In 1923 Paul Himmel met Lillian Bassman , whom he married in 1935. As early as 1931, Himmel began autodidactically with photography. First, however, he completed an academic training. After studying science and biology, he began teaching at Benjamin Franklin High School in East Harlem. In the summer of 1945 he began to work as a photographer's assistant in the New York Vogue studios and ended his teaching activities for the time being. In the same year he started working professionally. He received his first jobs as a fashion photographer from Vogue , Harper's Bazaar and later other magazines.
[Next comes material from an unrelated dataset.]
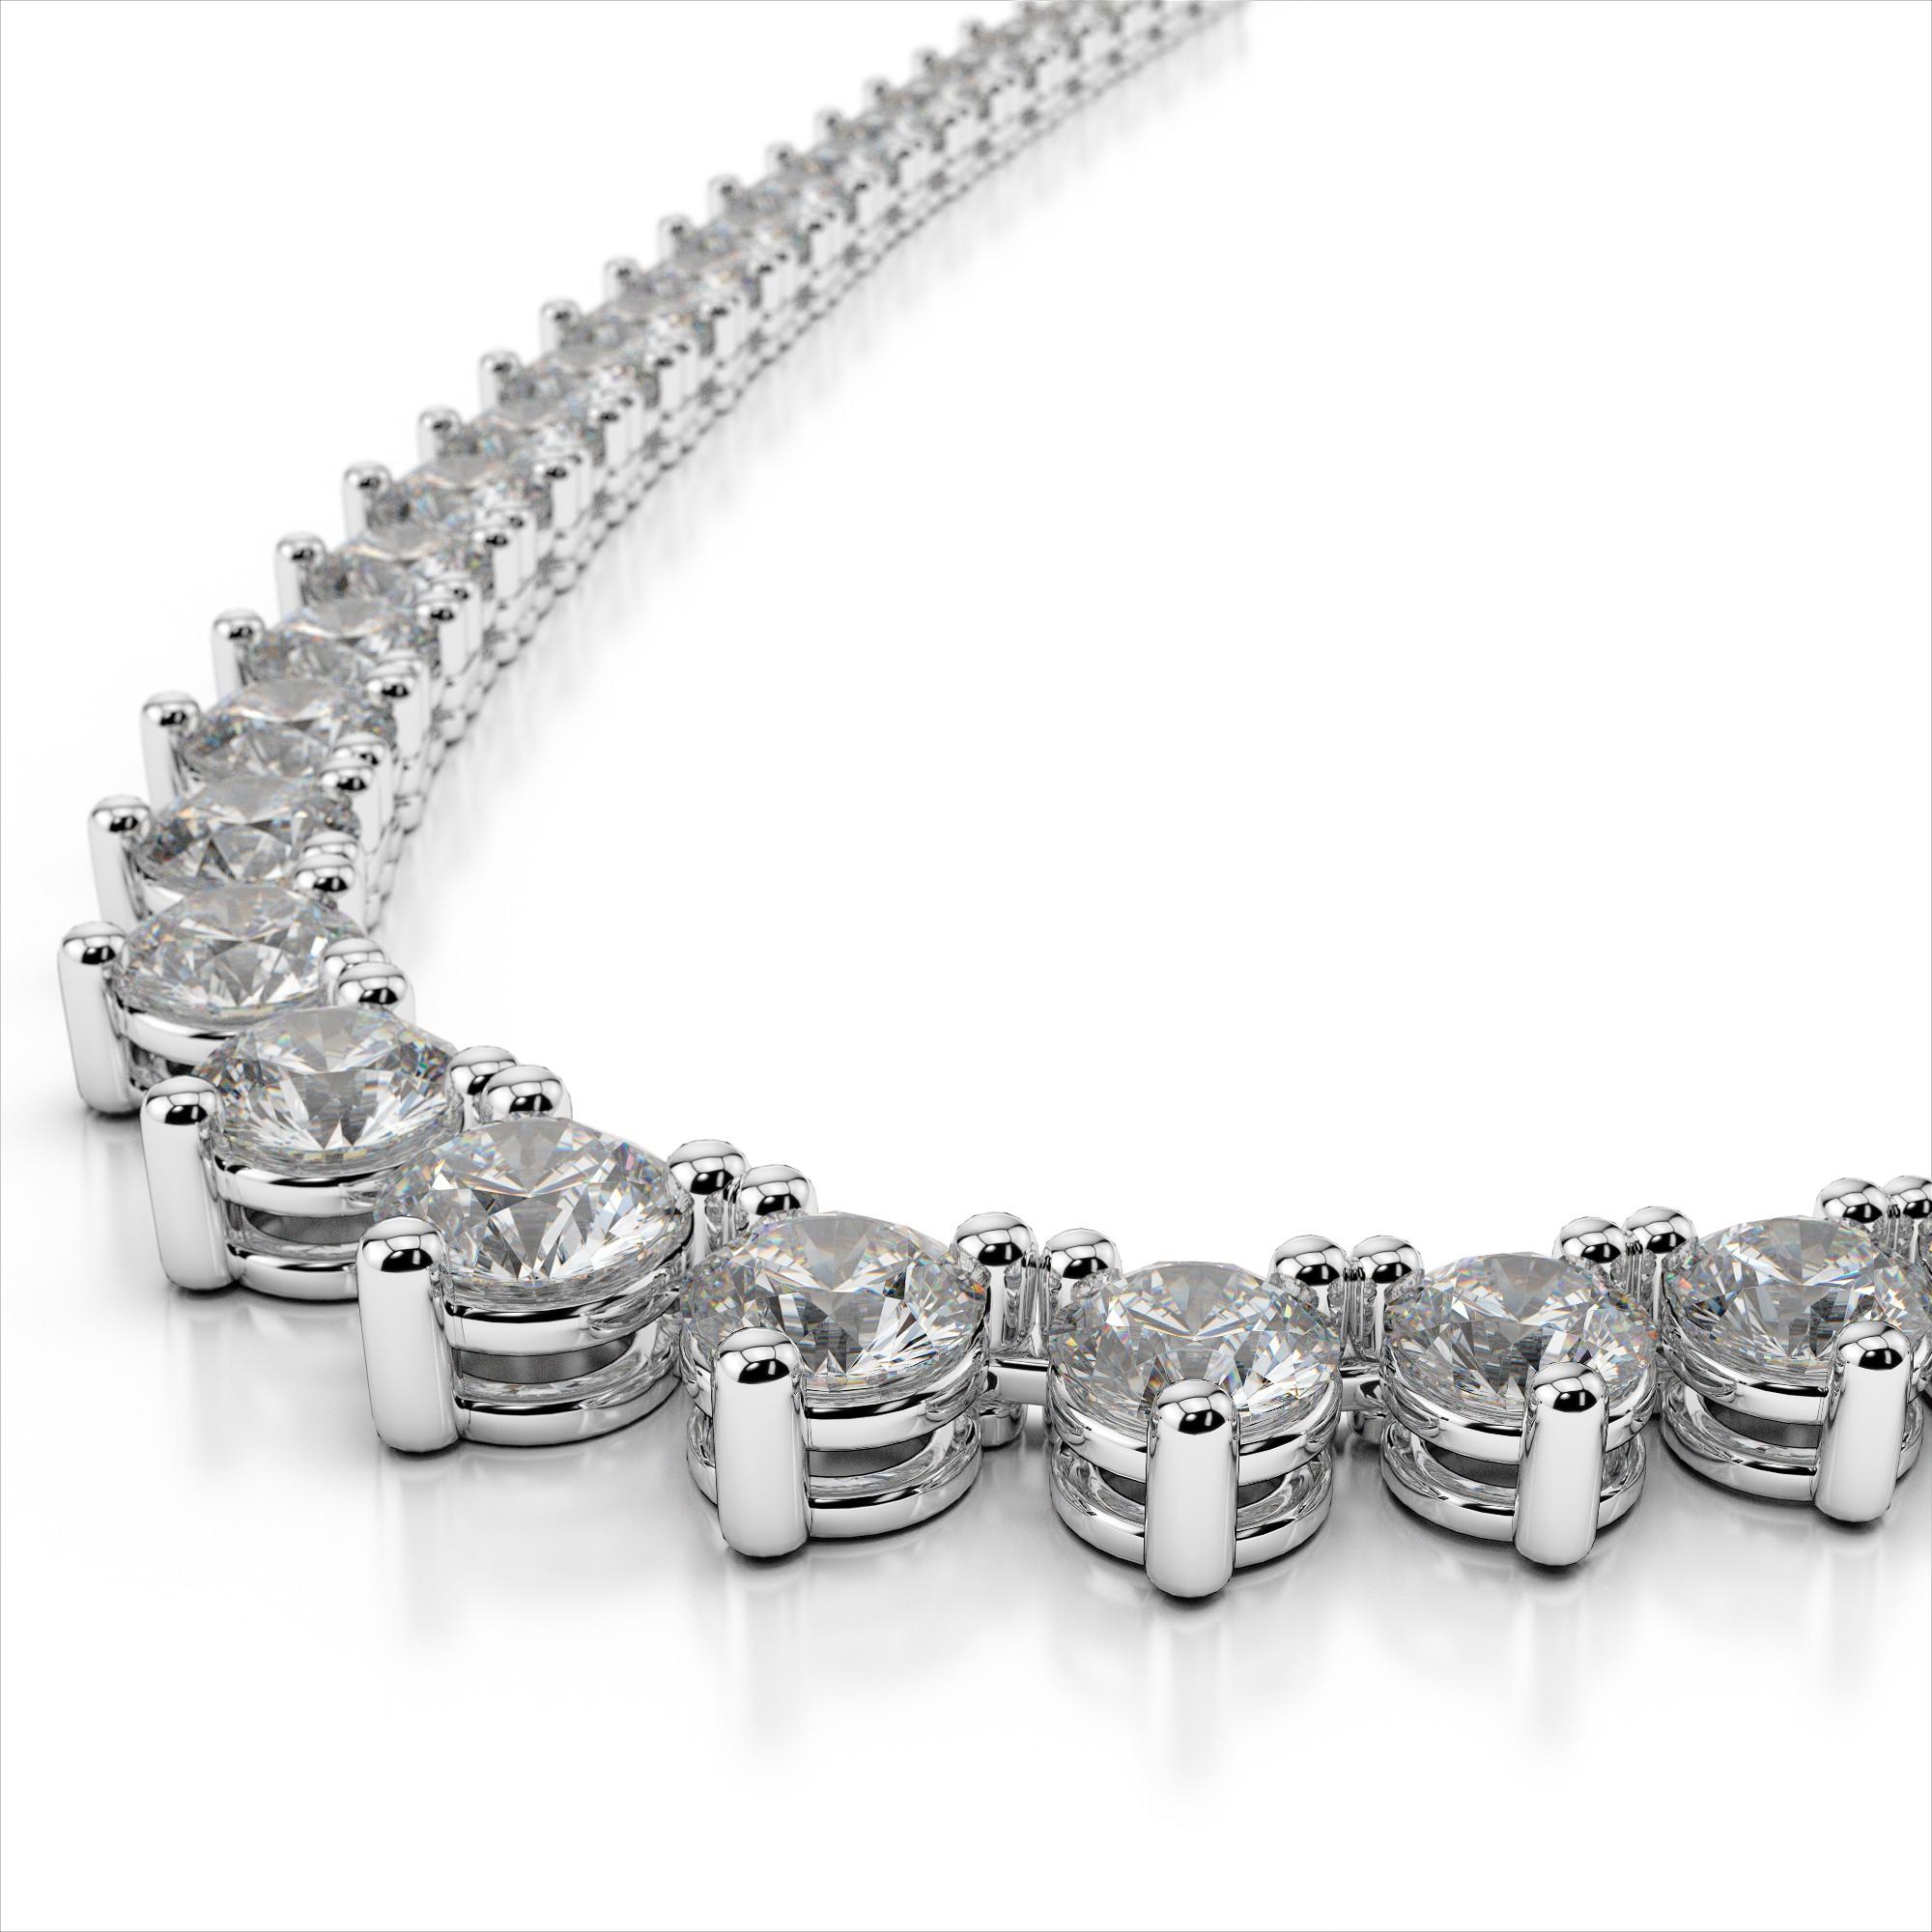 7861e61b38ac4b 3 Prong Tennis Necklace With Graduate Diamond Sizes - Sarkisians Jewelry
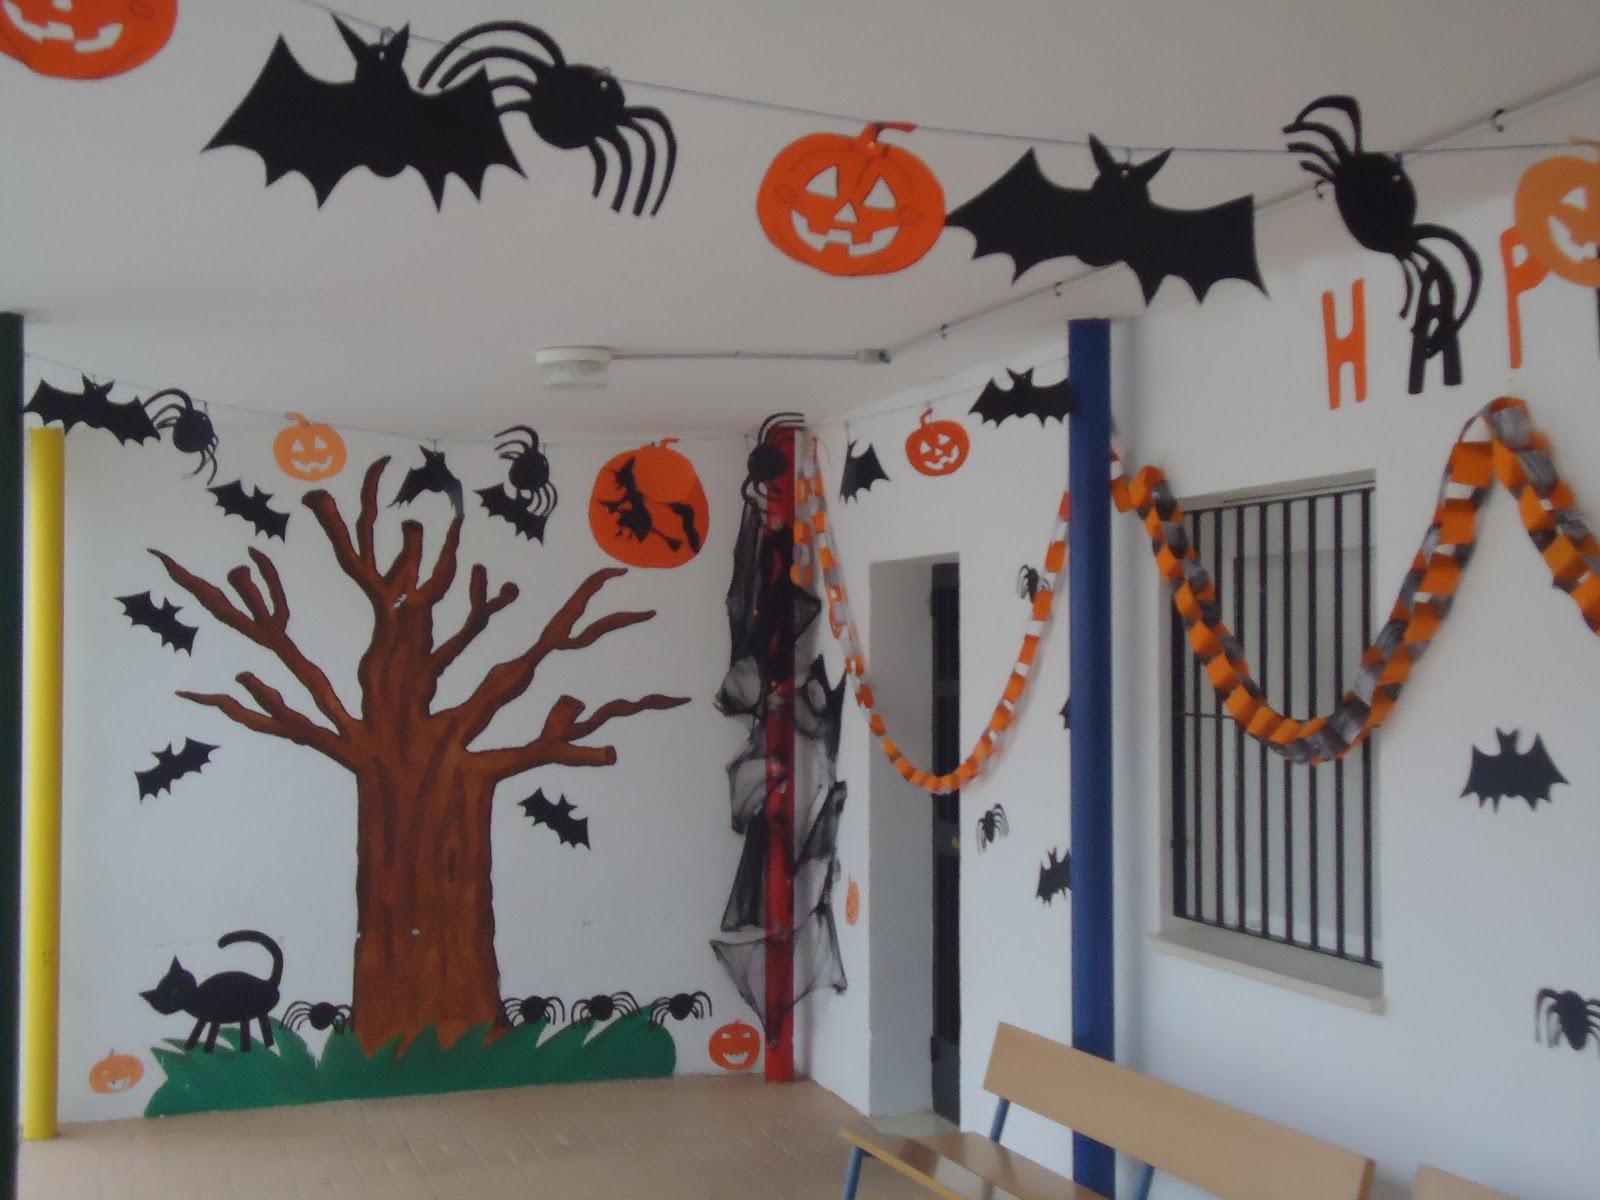 Colegio rodriguez vega de almedinilla c rdoba halloween truco o trato - Decoracion halloween infantil ...

His work is characterized by a great willingness to experiment. Paul Himmel was constantly researching new recording techniques and exceeded the previously known rules and limits of photography. He mainly experimented with slow shutter speeds and movement. His recordings of the New York City Ballet, made in the 1950s, do not capture movement in still images (“frozen” movement), but in motion studies. Paul Himmel developed his photography into art photography so much that he could no longer find any commercial clients and ended his photographic career in 1969. He then worked as a psychotherapist.

Exhibitions

  • " The Family of Man " (1955 at the Museum of Modern Art) was one of the first exhibitions that made Himmel known.
  • Howard Greenberg Gallery and James Danziger Gallery, New York City, 1996
  • The first joint retrospective with his and his wife Lillian Bassman's works was shown from November 27, 2009 to February 28, 2010 in the Deichtorhallen , Hamburg-
  • 2012: Two lives for photography-Lilian Bassman and Paul Himmel . Grassi Museum for Applied Art , Leipzig, catalog.